Of the four major insides, only the Dow managed to post a gain, though it was minuscule, at a mere 10 points.
Fears that the Fed might put some kind of kibosh on the Trump expansion have been stocked by the president himself, who would prefer lower interest rates in order to keep the punch bowl of cheap money full. It's unlikely President Trump will get his wish, because the Fed plan has been in place for years, is currently being executed and seems - despite pullbacks in stocks in February and again in October - to be working as well as can be expected.
The US economy has roared back to life over the past year, thanks in part to Trump's individual and corporate tax cuts, repatriation of foreign funds by companies, and still fairly easy policy by the Fed.
While the stock market does not provide complete portfolio of the US economy, it does act as a kind of proxy.

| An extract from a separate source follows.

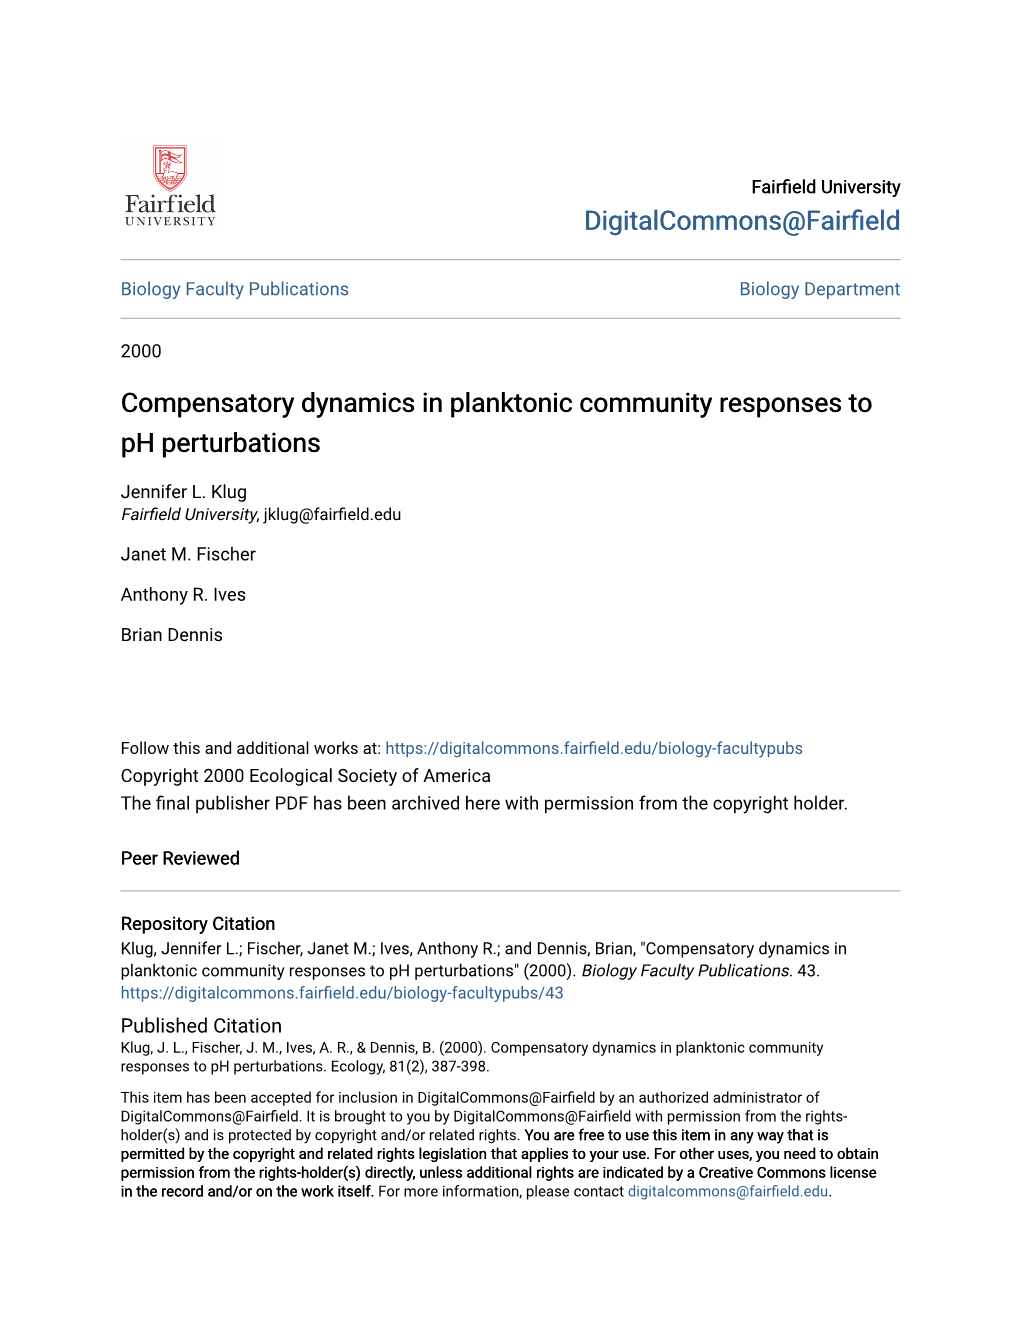 Compensatory Dynamics in Planktonic Community Responses to Ph Perturbations

Stocks generally gain when the economy is doing well, and falls when recessions hit or external events cause disruptions to the usual flow of funds into equities.
Buybacks have been providing an inordinate amount of upside for the general markets. 2018 is on pace to set a record for corporate stock buybacks, which has an immediate effect on valuations by reducing the number of shares outstanding. To the general public, stock buybacks look like regular buying, as they operate in the background and the actual buyers are not disclosed. It's assumed that as companies buy their own stock rather than reinvest in equipment, facilities, workers, or expansion of their businesses, the sellers are funds and/or large stakeholders, reaping profits and moving on to the next apple ripe for picking.
Generally seen as good practice, stock buybacks don't actually add value, though in terms of shareholder value, they do return more profits in higher share price and, often, increased dividends. It's a great panacea for stockholders, who merely have to hold shares and profit. This scenario has been unprecedented, but has lasted since the Great Financial Crisis of 2008-09 and continues to provide a backstop to stocks. When the buybacks stop, so will the easy money for shareholders, but, the practice still appears to have more to run, though the pace has slowed over the past three to six months.
All of this has created a very dynamic and fluid market, in which all manner of investment strategies can produce solid results. With wild swings on nearly a daily basis, individual stocks or sectors (via ETFs) can be either held, sold short or bought. The current environment is likely a major boon to brokers such as Merrill Lynch, Schwab, eTrade and others in the game, who undoubtably will be seeing increased trading in an active, unbridled market.
Thus, the answer to the age-old question, "Buy, sell, or hold?" might today be answered correctly by responding, "all of the above."
Dow Jones Industrial Average November Scorecard:
Date | Close | Gain/Loss | Cum. G/L |
11/1/18 | 25,380.74 | +264.98 | +264.98 |
11/2/18 | 25,270.83 | -109.91 | +155.07 |
11/5/18 | 25,461.70 | +190.87 | +345.94 |
11/6/18 | 25,635.01 | +173.31 | +519.25 |
11/7/18 | 26,180.30 | +545.29 | +1064.54 |
11/8/18 | 26,191.22 | +10.92 | +1075.46 |
At the Close, Thursday, November 8, 2018:
Dow Jones Industrial Average: 26,191.22, +10.92 (+0.04%)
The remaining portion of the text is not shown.